_Directions_: When writing out the entries below, keep only the lines from the line with "Akira 21fzs1 Crt" to the line with "Photo showing the beer garden staff", both included, exactly as they are, and leave the pictures aside.

_Working data_:
▼

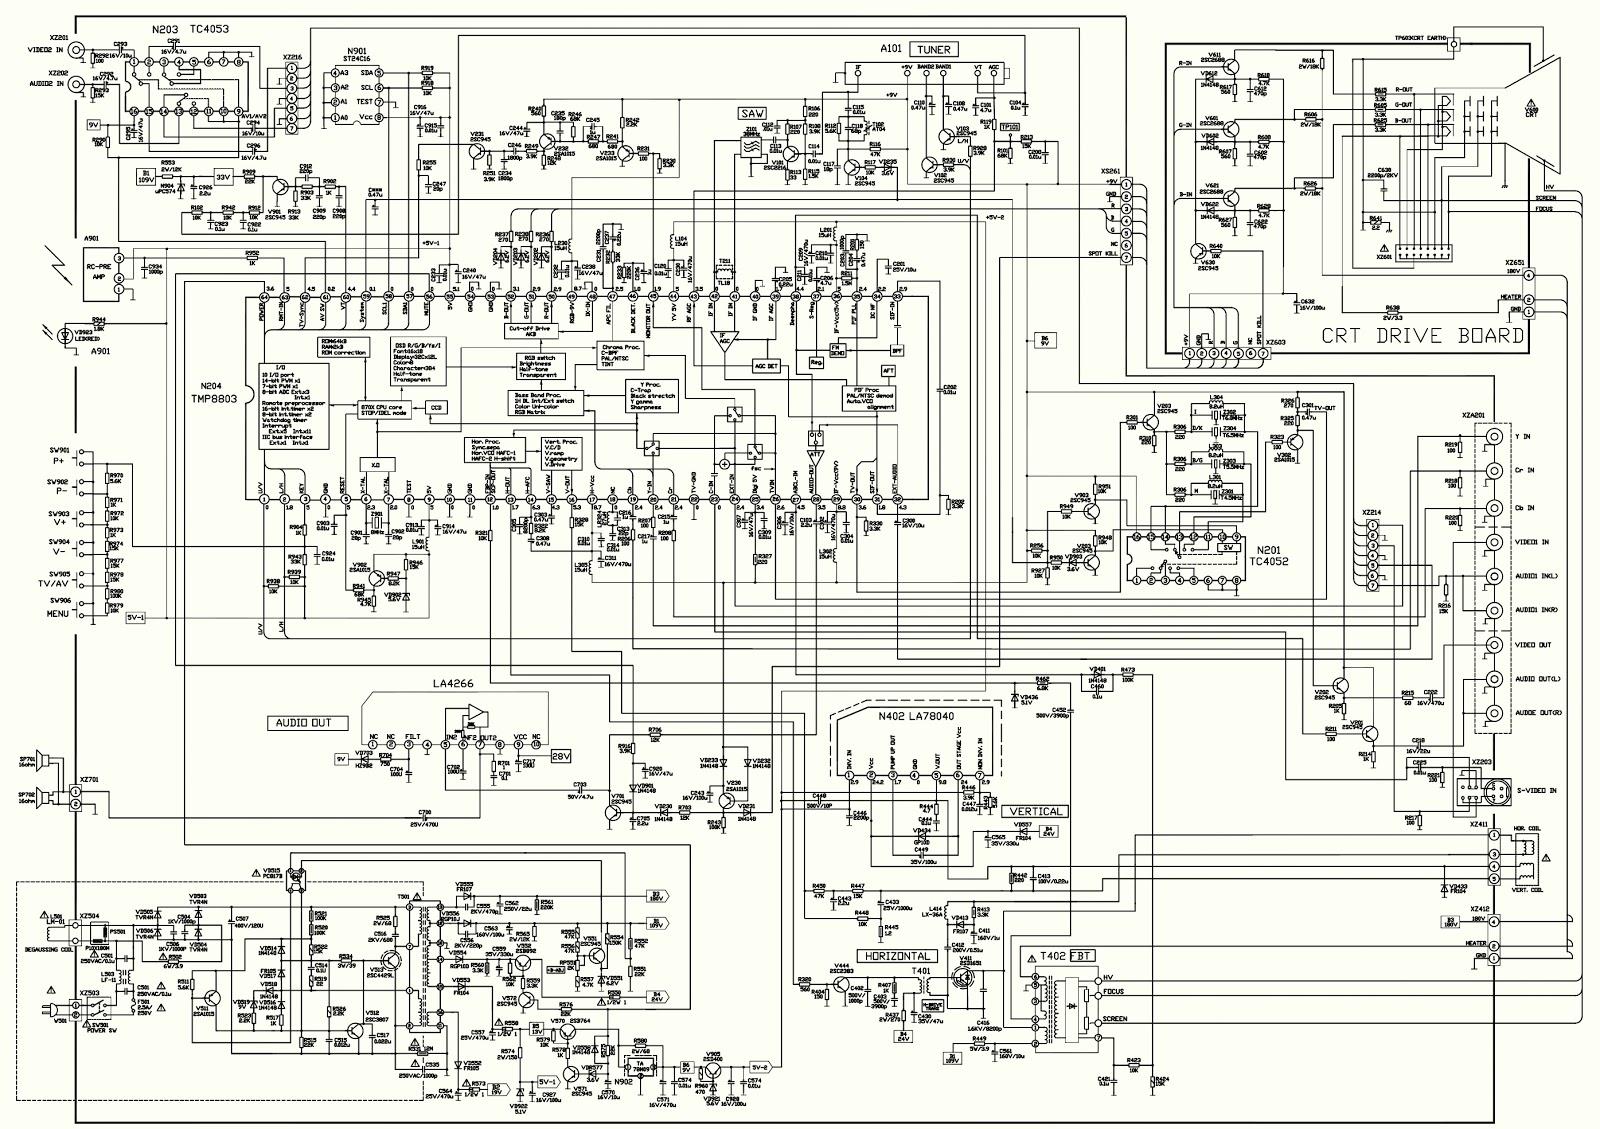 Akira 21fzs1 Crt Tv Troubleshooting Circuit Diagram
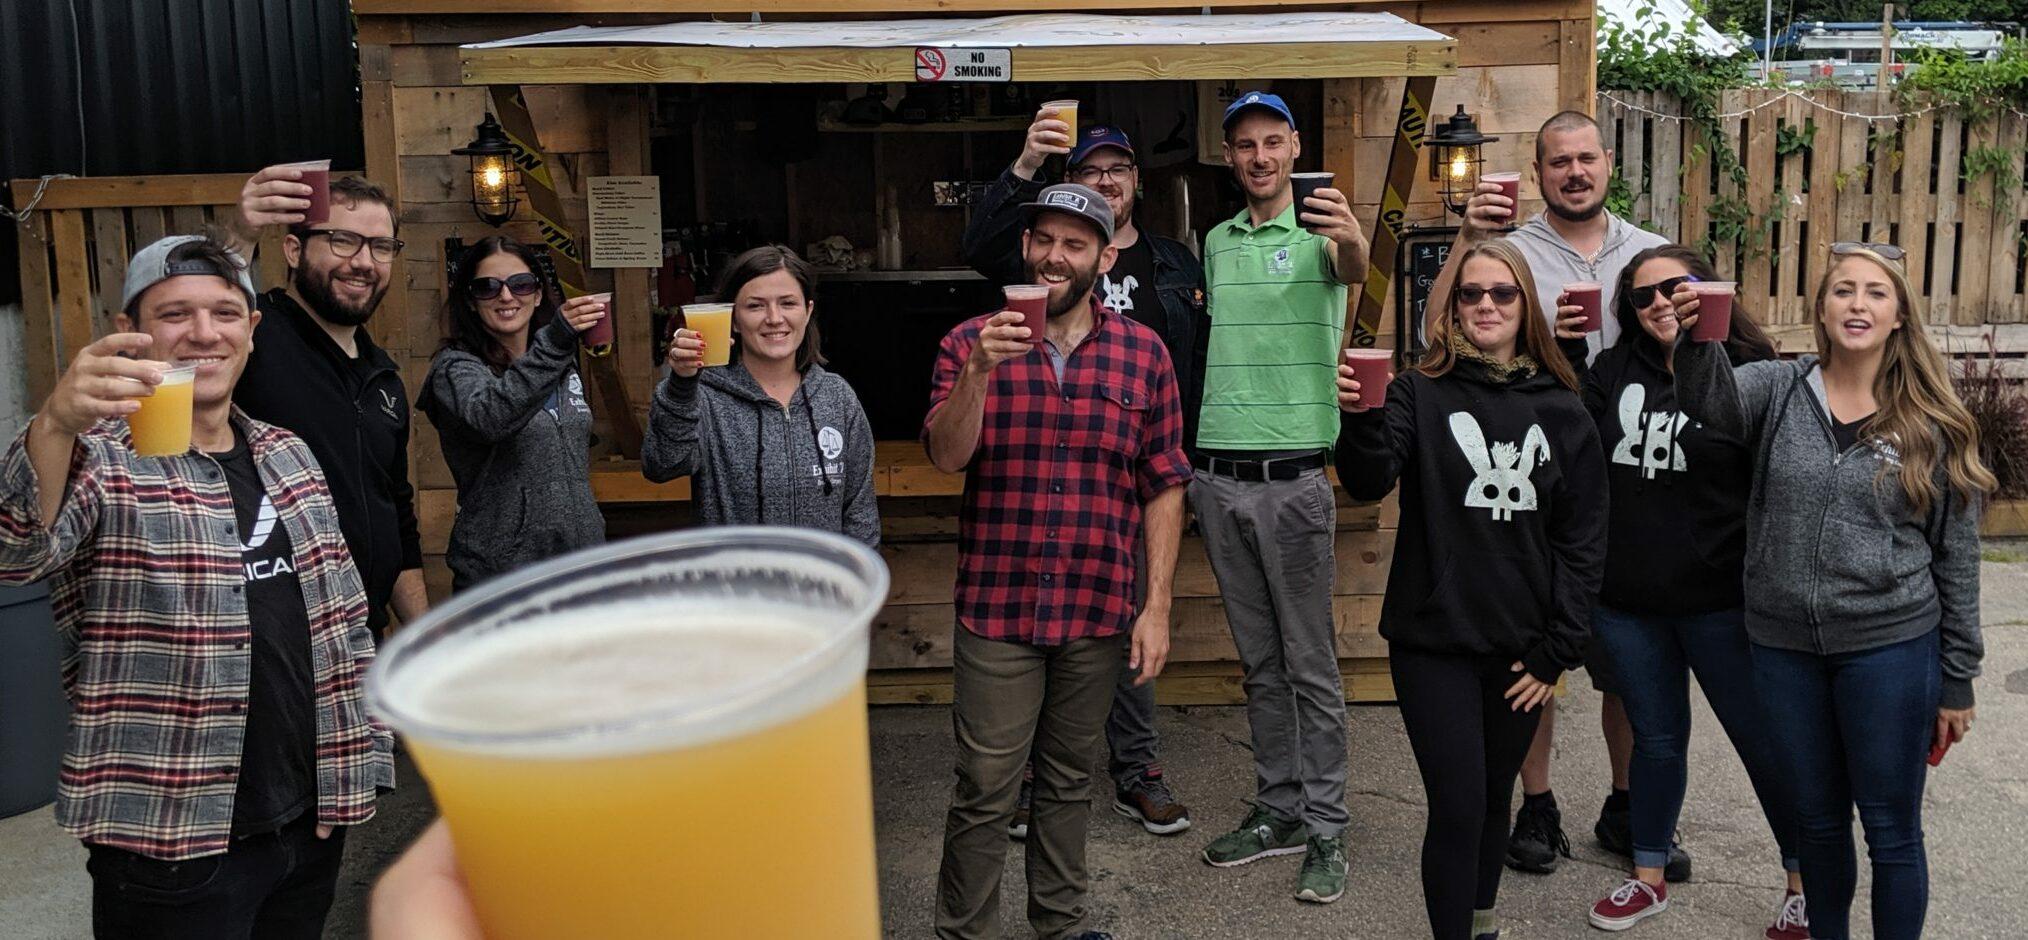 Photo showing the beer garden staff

▲
▼

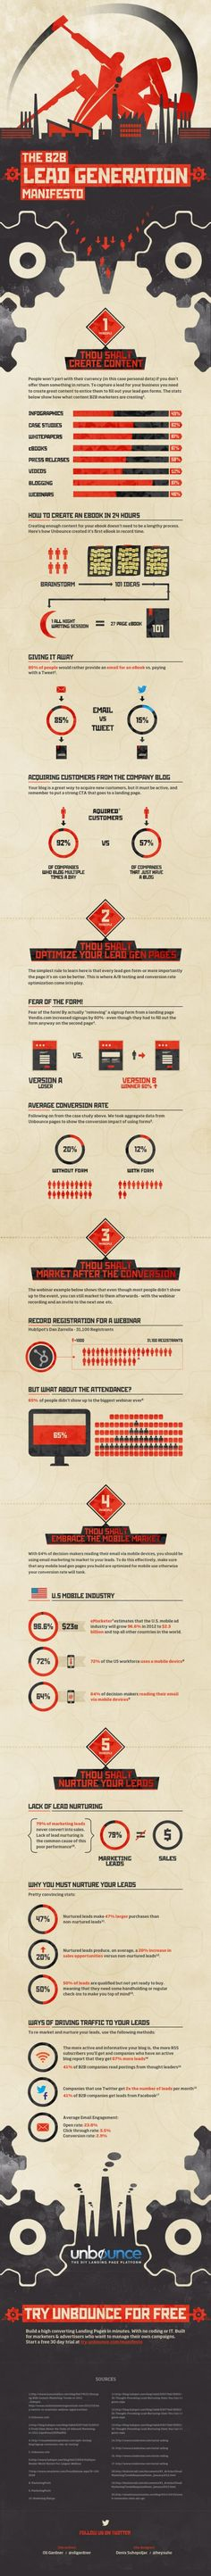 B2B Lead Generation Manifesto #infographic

▲

_Task response_:
 Akira 21fzs1 Crt Tv Troubleshooting Circuit Diagram
 Photo showing the beer garden staff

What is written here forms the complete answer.